27 Importa reconhecer as diferenças substanciais entre gestores e líderes escolares. Efetivamente, o gestor centra-se em tarefas técnicas e administrativas da organização, preocupando-se com a resolução de problemas imediatos, enquanto que o líder preocupa-se com a inovação e desenvolvimento da instituição, definindo objetivos de longo prazo e estratégias para os alcançar.

Os títulos de diretor, supervisor, coordenador, têm sido frequentemente postos em causa no âmbito da terminologia da supervisão por conterem implicações de autoridade. No entanto, o processo de autonomia passa pela atribuição de poderes de liderança e decisão aos atores educativos que desempenham funções de gestão na escola, o que é comprovado pelas diretrizes normativas onde as funções de supervisão apresentam-se conjugadas, associadas, cruzadas, ou mesmo sinónimas, com as de liderança (Gaspar, Seabra & Neves, 2012).

Podemos afirmar, que desde o novo modelo de gestão ditado pelo Decreto-Lei n.º 75/2008, até ao mais atual – Decreto-Lei n.º 137/2012, ressalta uma maior responsabilização e prestação de contas, em primeiro lugar, do líder de topo – o diretor – ao qual é confiada a gestão administrativa, financeira e pedagógica, mas também das lideranças intermédias, às quais são atribuídos poderes de liderança, supervisão e decisão. Contudo, esta liderança no contexto escolar, segundo Formosinho (2002), será de um singular entre singulares, porquanto a liderança de facto pode surgir de qualquer professor ou coordenador, sendo que o contexto de trabalho dos docentes não é hierarquizado como outros.
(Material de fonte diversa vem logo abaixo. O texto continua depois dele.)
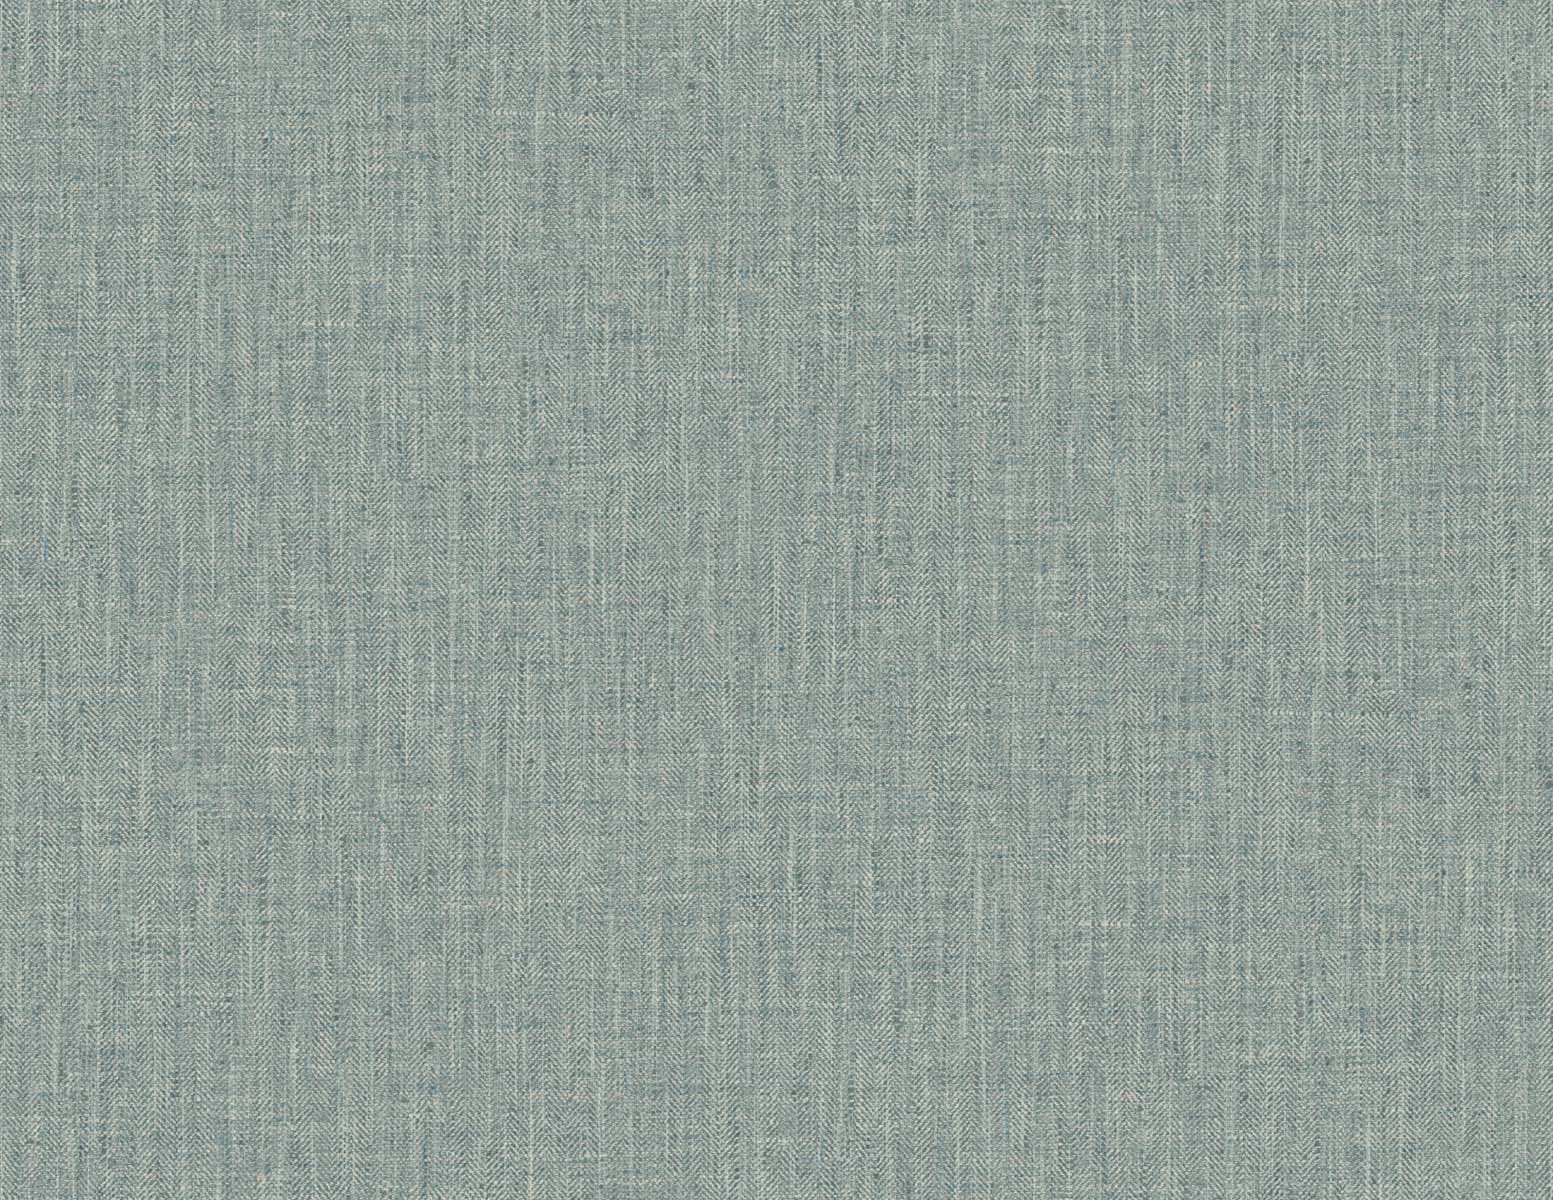 DuPont TG60043 Tedlar Textures Tweed Embossed Vinyl  Wallpaper Rosemary

No sistema educativo português, os normativos que definem os órgãos das lideranças escolares configuram um modelo em que existe uma partilha de responsabilidades e em que os processos de decisão são assumidos pelo coletivo dos órgãos (Diretor/Conselho Geral e lideranças intermédias), o que se traduz numa descentralização interna de gestão, originando múltiplas lideranças que deverão funcionar articuladamente (Quintas & Gonçalves, 2012).

Sanches (2000) carateriza este modelo de liderança como sendo de tipo colegial, assente numa rotatividade de papéis, decorrente da possibilidade dos professores exercerem diferentes funções dentro da organização educativa. Contudo, num período em que a prestação de contas se encontra cada vez mais focada na figura do diretor, parece- nos, tal como é salientado por Roldão (2012), que a prática e a cultura das escolas tem relegado as lideranças intermédias para um papel de “transmissão de informações e

28 diretrizes no interior da hierarquia da escola do que na responsabilidade de gestão pedagógica, curricular e didática que efetivamente detêm” (p. 138).